Re: [CR]Cinelli Laser

(Example: Framebuilders:Masi)

Date: Fri, 11 May 2007 08:58:23 -0700 (PDT)
From: "Tom Dalton" <tom_s_dalton@yahoo.com>
Subject: Re: [CR]Cinelli Laser
To: gabriel l romeu <romeug@comcast.net>
In-Reply-To: <46445FD4.6030906@comcast.net>
cc: Classic Rendezvous <classicrendezvous@bikelist.org>

gabriel l romeu <romeug@comcast.net> wrote:

Dear Mr. Tom Dalton, rider:

You and Brian sounds like every painter that I have ever been with going to a major painting show at a museum. They are not historians, but analyzing an object with their own legitimate and interesting perspective. In this case, Brian is deconstructing the bike just how i would want my builder to approach the consideration of my frame, and how i would expect a rider with some knowledge to look at the Laser.

Neither you and Brian are not looking at this from a curators perspective. The curatorial staff (specifically for the MOMA collection which would be obvious if you knew the collection) are not looking at how a design works for it's particular function, but rather how it fits the design legacy for the particular time, how it influences future design approaches, and how it integrates and reinforces their presumptions and hypothesis of their current collection (of course, politics) and writings...

Gabriel,

First, you'll note that my posts are signed Tom Dalton, not "Mr. Tom Dalton, rider" or "Thomas S. Dalton, M.S., P.G." So, you are safe to assume that "Dear Mr. Dalton," or even "Dear Tom," is perfectly acceptable. When I sent my earlier post to another member I was using his signature as he provides it in all of his CR contributions. Poking fun? Yes, but I didn't just make it up.

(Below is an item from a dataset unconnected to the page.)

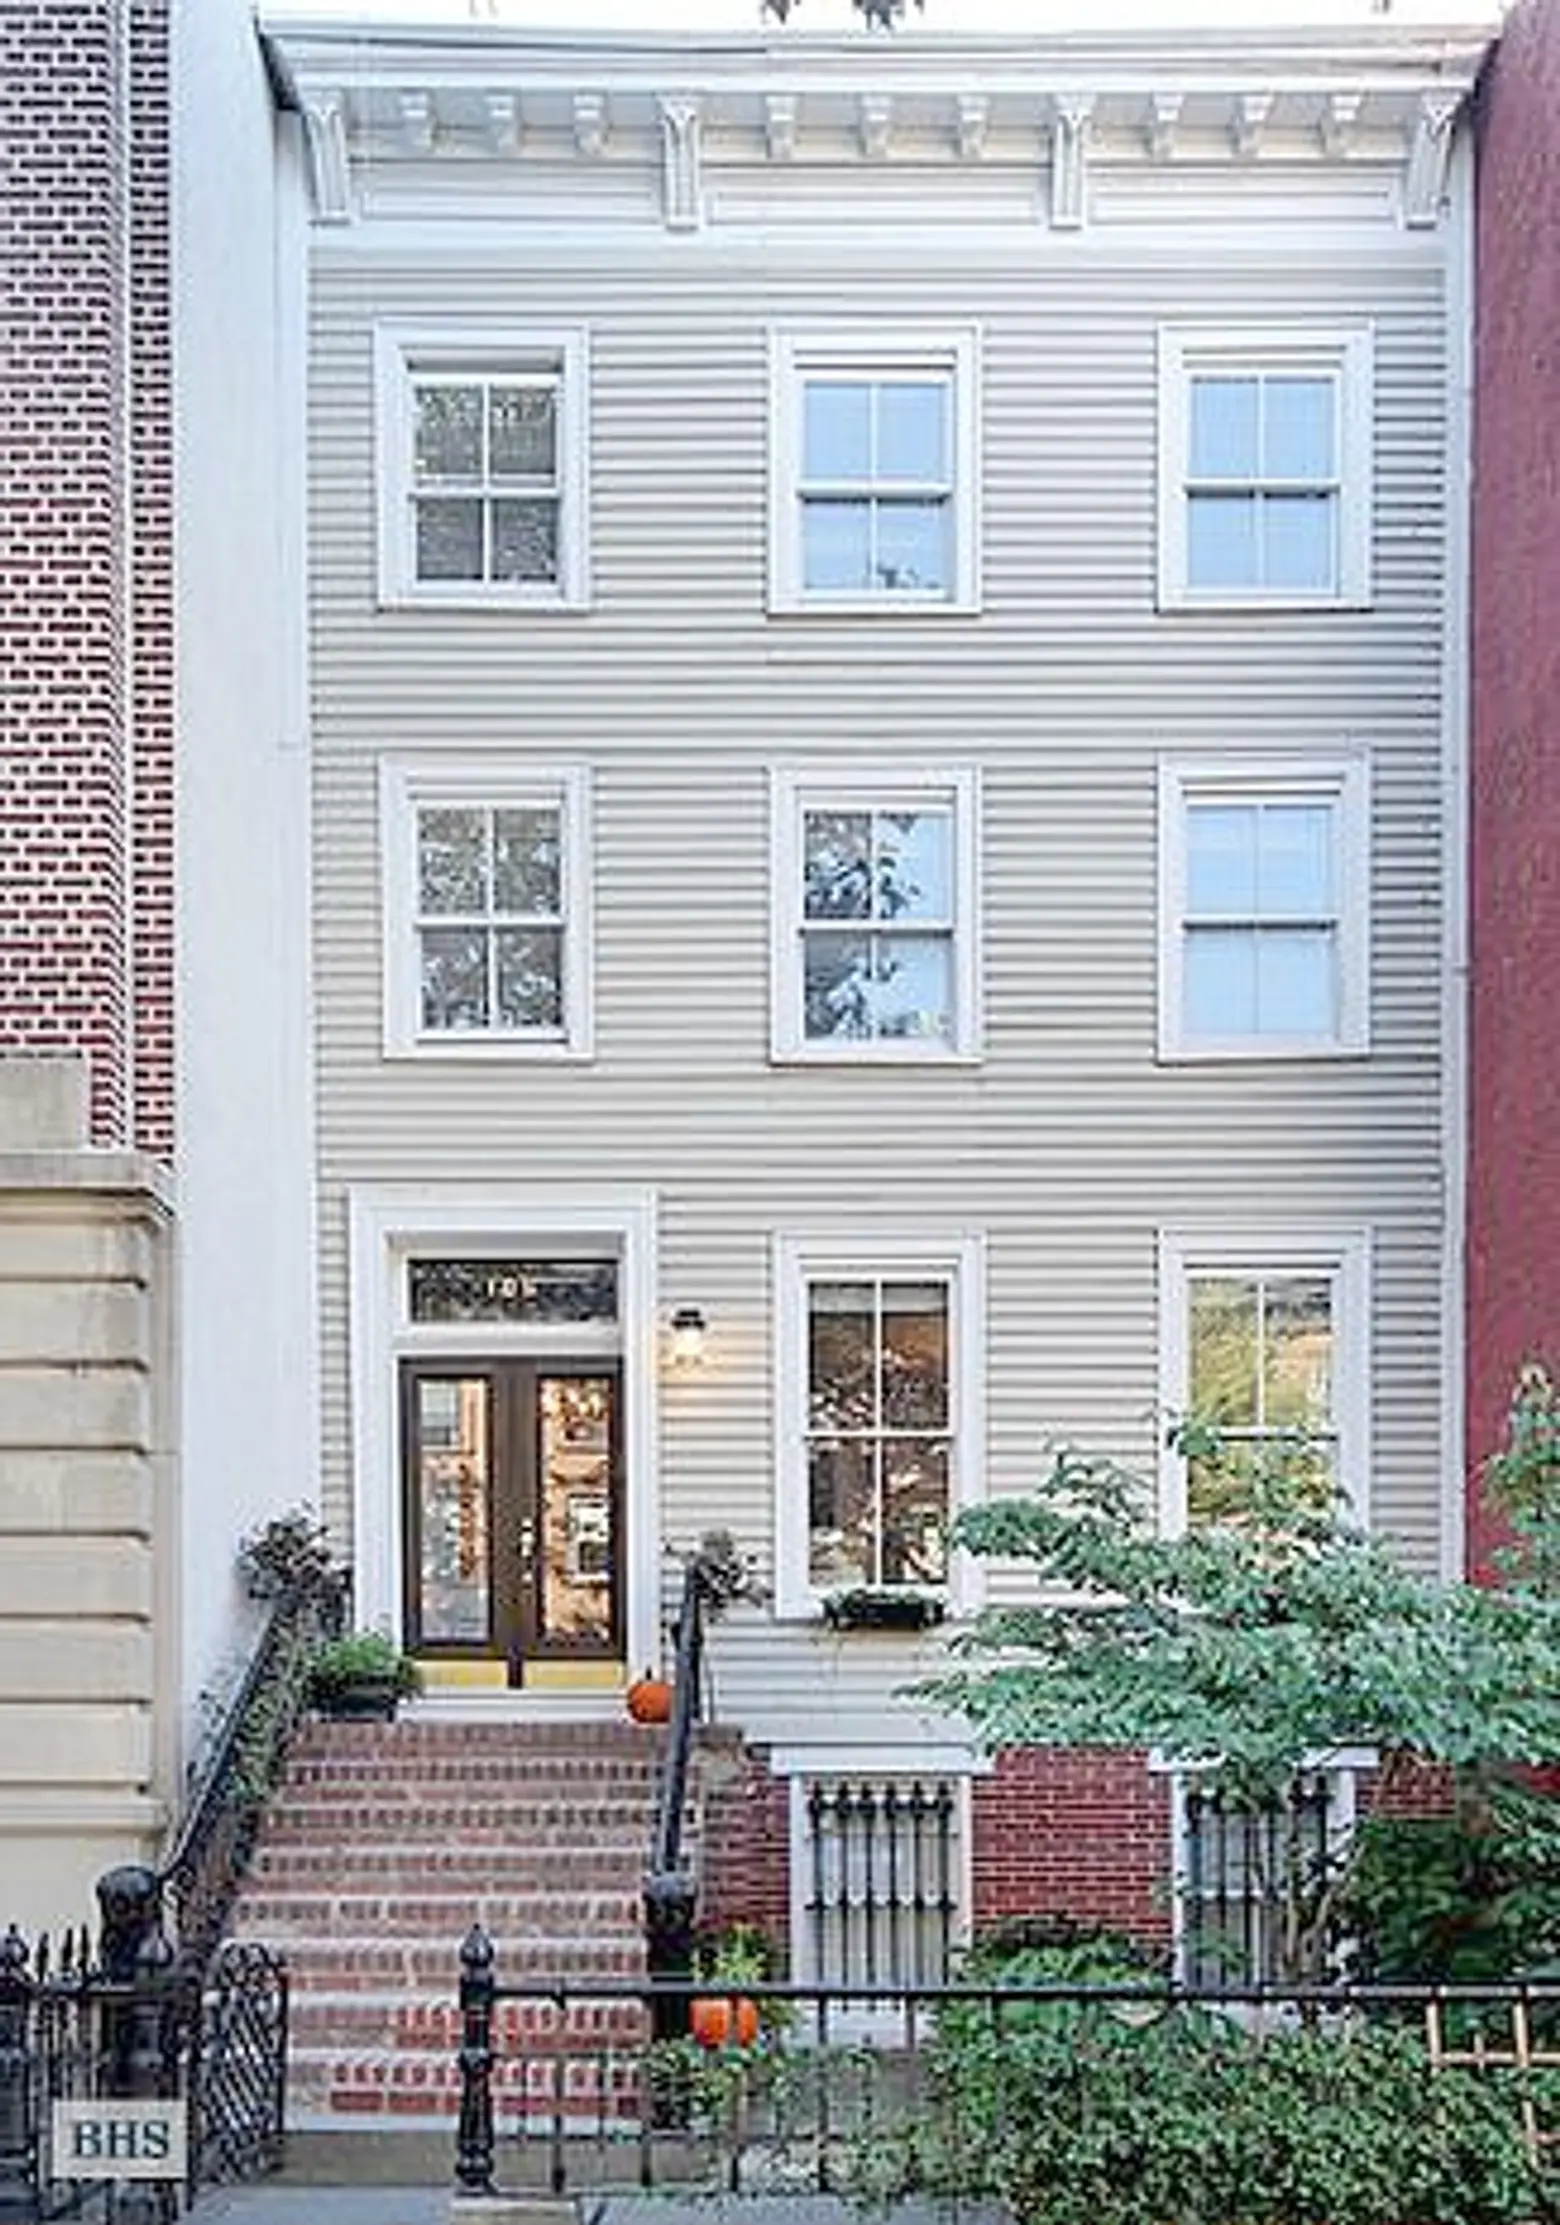 106 Cambridge Place, Clinton Hill, Historic Home, Landmarks, Cool Listing, Townhouse, Clapboard House, Townhouse for rent, rentals
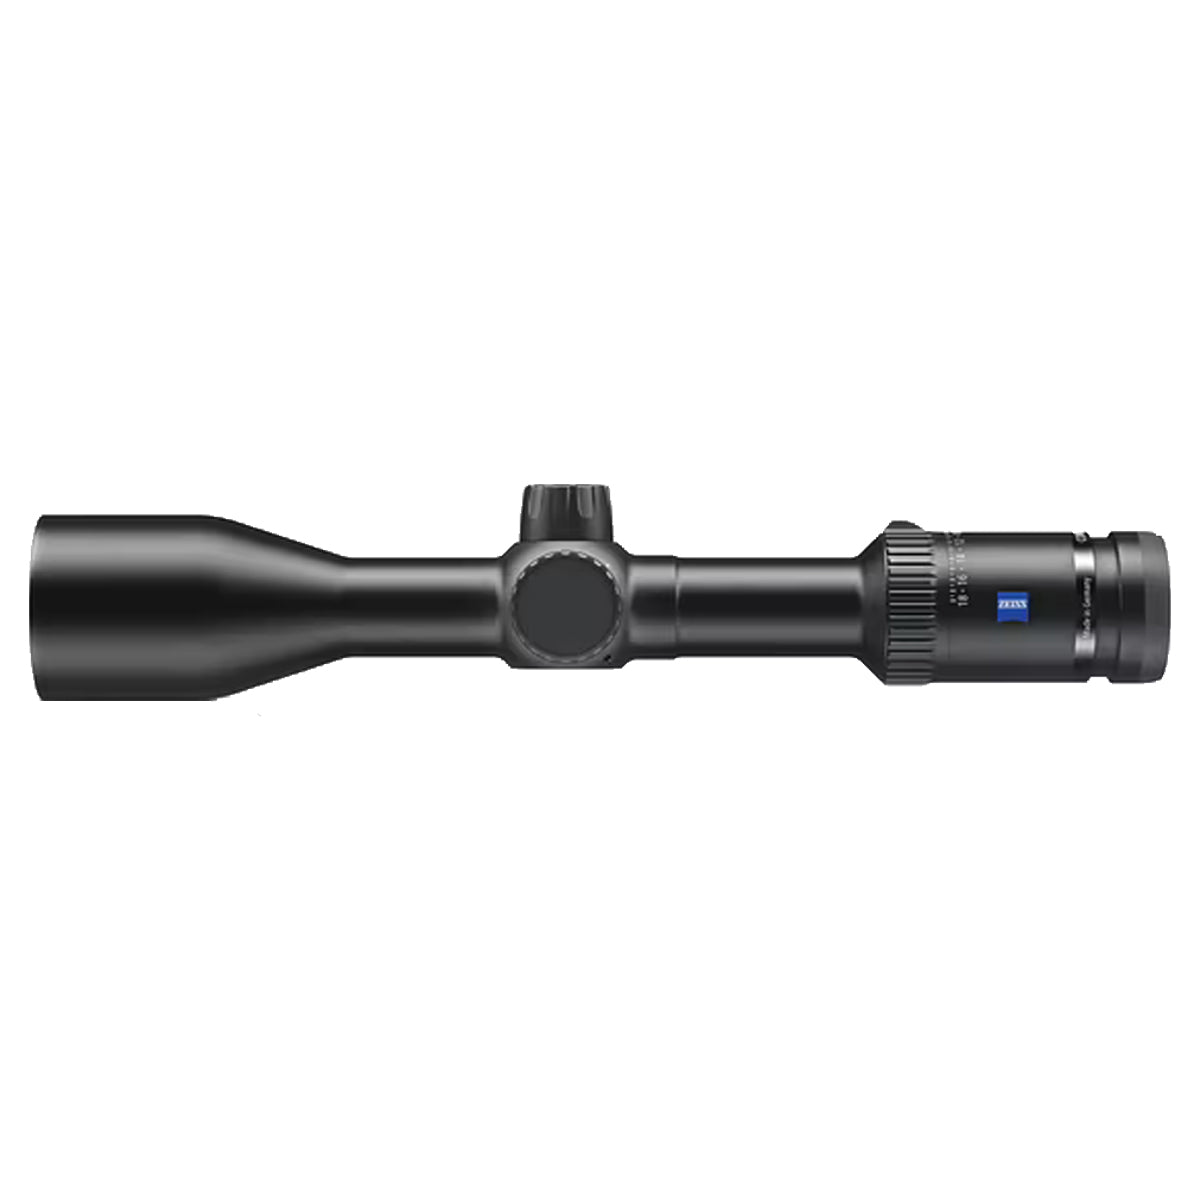 Zeiss Conquest V6 3-18x50 w/ZMOA-2 #94 Reticle Riflescope in  by GOHUNT | Zeiss - GOHUNT Shop

I'm trying to decipher the language of your post, and I can't quite figure out what "would be obvious," to me "if (I) knew the collection." (You really should proofread your posts before hitting the send button.) Reading forward, I eventually reach a point where I'm given the sense that, if I knew the collection, it would be obvious to me that the MOMA staff doesn't give a hoot about function when selecting objects for the collection. I have a great deal of difficulty believing that any such gross generalization about a design collection is accurate or that it holds any real value. Frankly I think it is extremely presumptuous of you to assume that I'm not entirely familiar with the MOMA collection based on the fact that I'm criticizing some aspects of an object that happens to be in that collection. That's nuts. In fact, I am not familiar with MOMA, but I do know that it is a museum and I do know that design collections in museums are not assembled with road racing performance and ease of cable maintenance as important criteria, especially for toasters or vacuum cleaners. Where did I say that the Laser has no place in the MOMA collection, or was not worthy as a design object?

On the other hand, I think you may be romanticizing the Laser just a tad. You wrote:

The more I hear about the Cinelli Laser (and see it), the more it seems to fit with the current design collection in MOMA for using technology ahead of it's time (albeit needing refinement), for the aerodynamic approach, internally routing all the cables, composite non metal component construction, wheels (as you mentioned), oval tubing- many years before these things became off the shelf products.

Again, I'm not arguing the suitablity of the Laser for the MOMA collection, but the criteria that you cite as making the bike suitable for the collection, are not necessarliy accurate descriptions of the bike.

"for using technology ahead of it's time"

Honestly, and not trying to be picky, but is there any new technology on the bike? New materials, new techniques for manipulating those materials, new ways of configuring those materials. Specifically?

"for the aerodynamic approach"

A trend at the time. The Laser did not presage the trend.

"internally routing all the cables"

See pre WWII Rene Herse

"composite non metal component construction"

The only composite construction I see is the mixing of Bondo and steel. Or was there even any Bondo? No CF, not even any fiberglass. There was some fiber-reinforced plastic in the Kronos brakes, and off-the-shelf part of the era.

"wheels (as you mentioned), oval tubing- many years before these things became off the shelf products."

Ther WERE off-the-shelf products. Columbus was making Air tubing and selling it to anyone who wanted it. The Rovals were stock, the Kronos... I recall some modified Campy brake levers, and "Mexico" set of crankarms. Typical mods of the time.

Maybe, the MOMA bike is totally different from 007, maybe it is from the early 70's, and much more radical. Laser 007 is a cool, cool early 1980's bike, but we should not inflate either it's practical utility, it's performance, it's innovation, or it's significance in the development of the racing bicycle. It is Italian and looks fast, and in my view that's the begining and end of what warrants it's inclusion in the MOMA collection.